START INPUT DATA

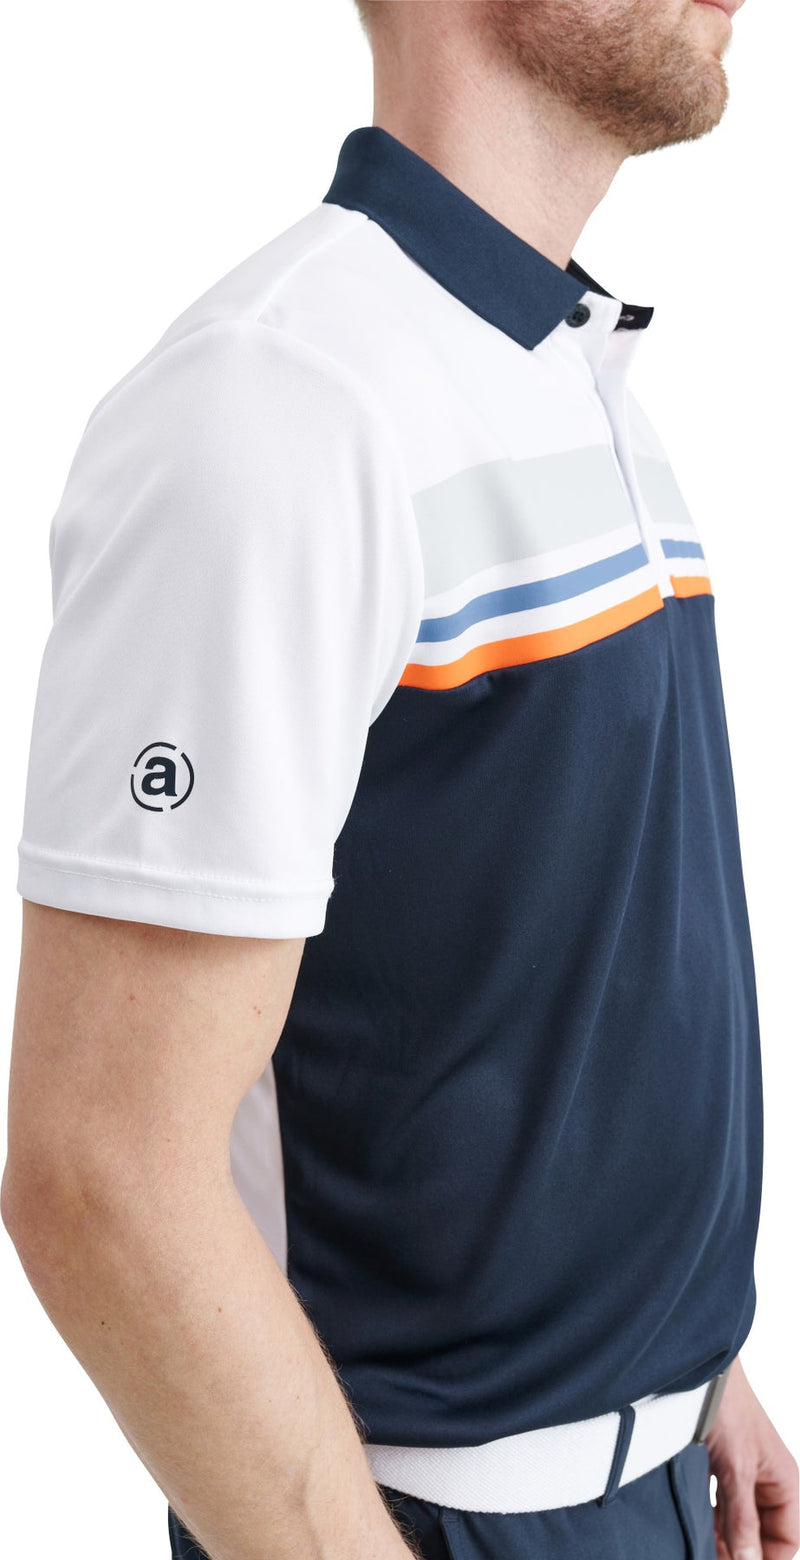 Abacus Sports Wear: Men's High-Performance Golf Polo - Tumble
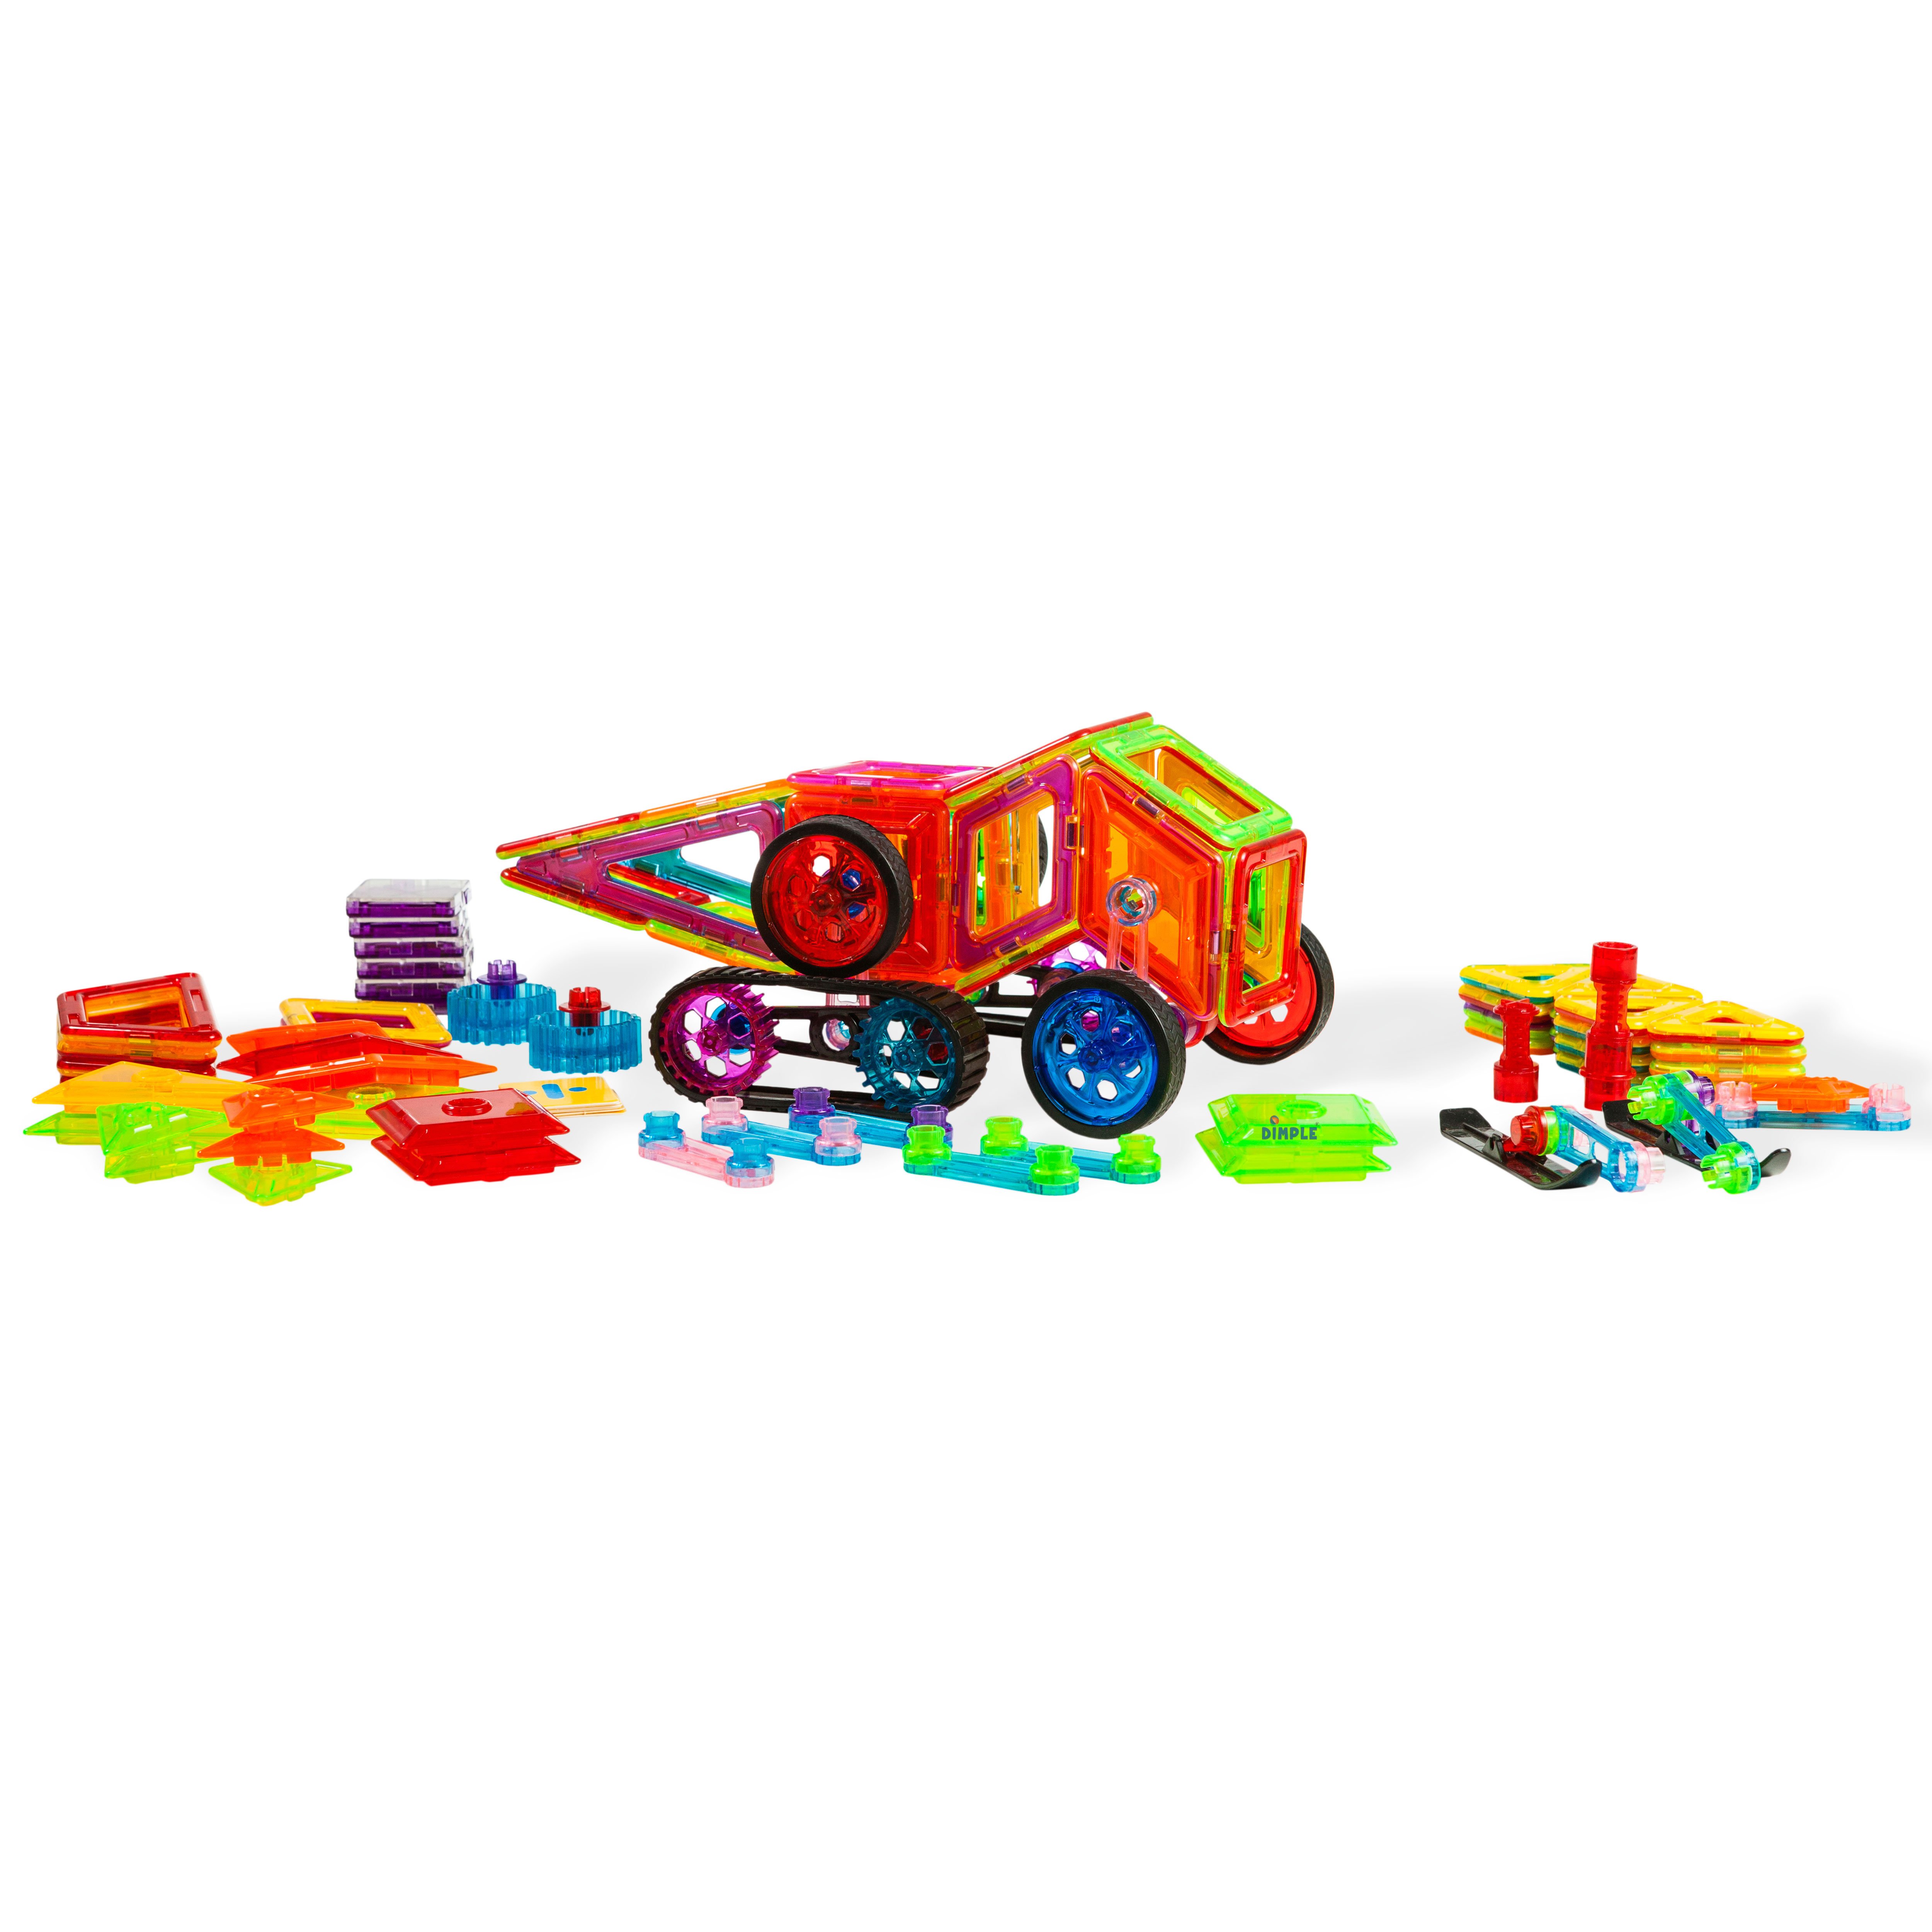 Magneticals Magnet Toys Tile Set (98-Piece Set) Stack, Create And Learn Imagination Magnetic Building Toys For Kids Children Creativity Gift
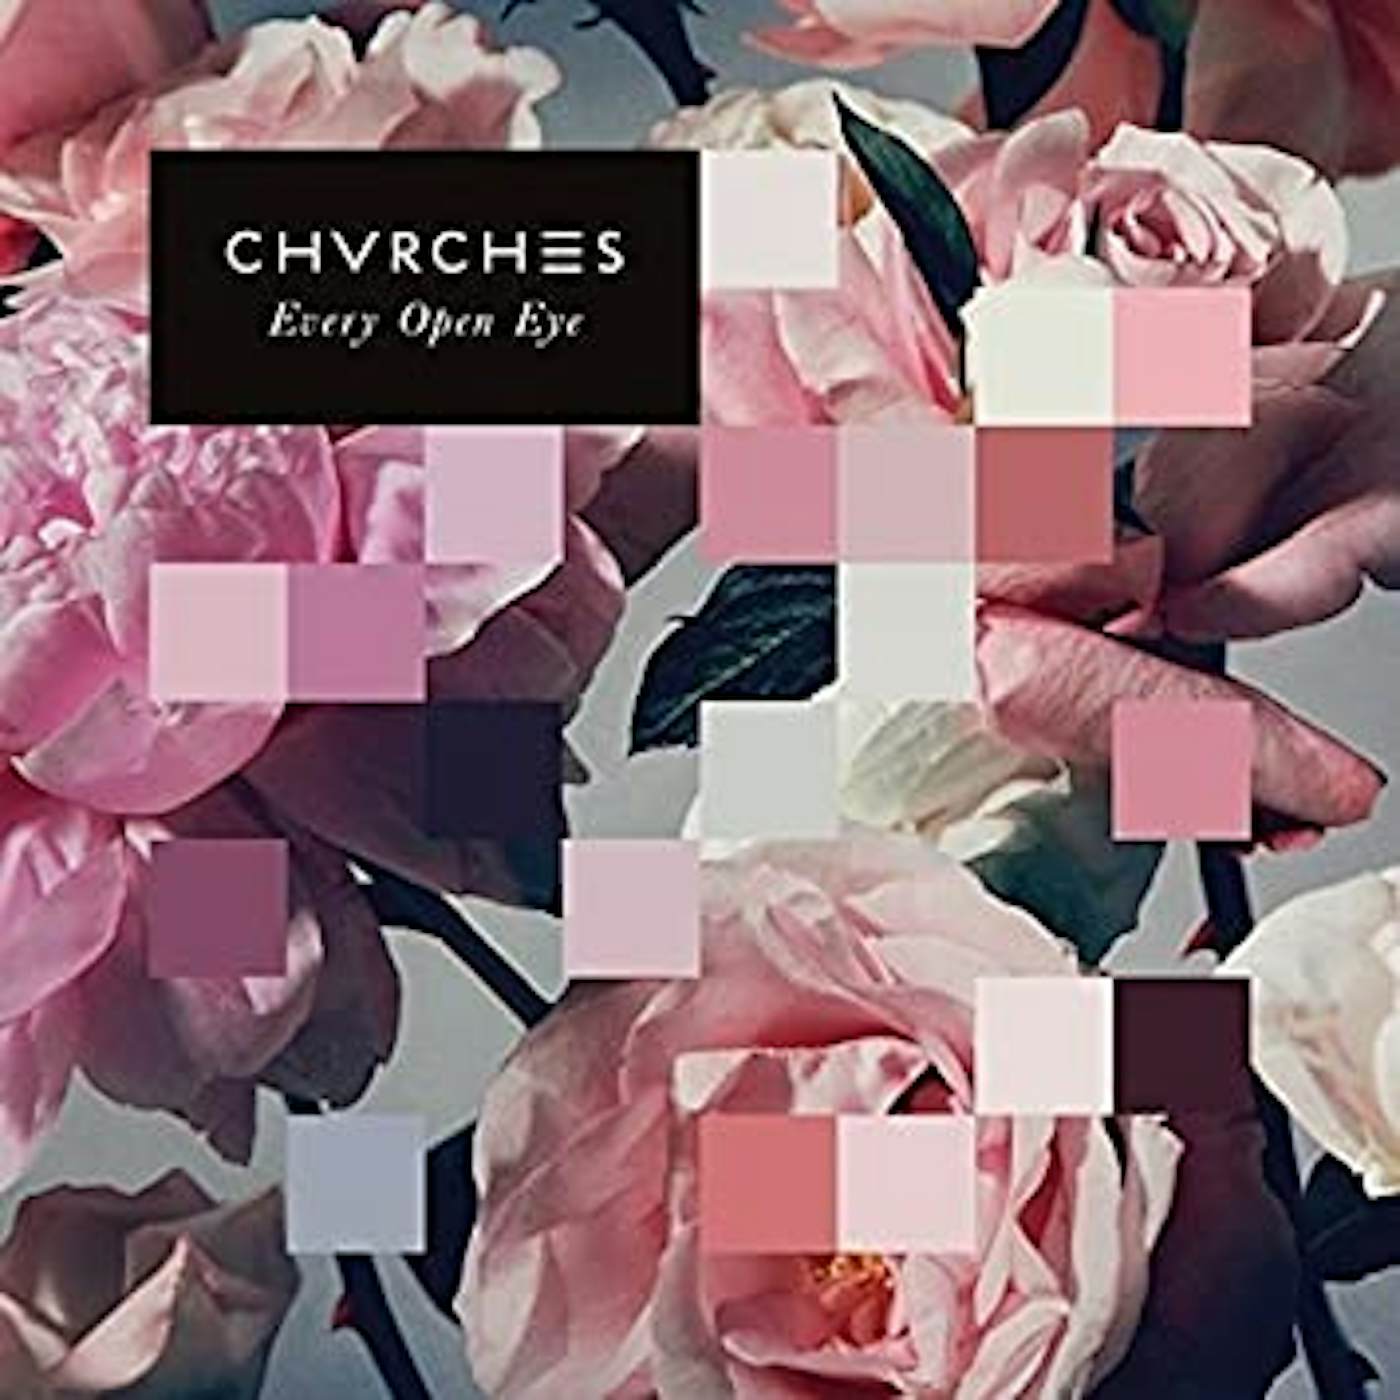 CHVRCHES LEAVE A TRACE Vinyl Record - 10 Inch Single, UK Release

END INPUT DATA

### PROBLEM STATEMENT
Quote the material exactly. Pictures stay out.

### THE ANSWER
 Abacus Sports Wear: Men's High-Performance Golf Polo - Tumble
 Magneticals Magnet Toys Tile Set (98-Piece Set) Stack, Create And Learn Imagination Magnetic Building Toys For Kids Children Creativity Gift
 CHVRCHES LEAVE A TRACE Vinyl Record - 10 Inch Single, UK Release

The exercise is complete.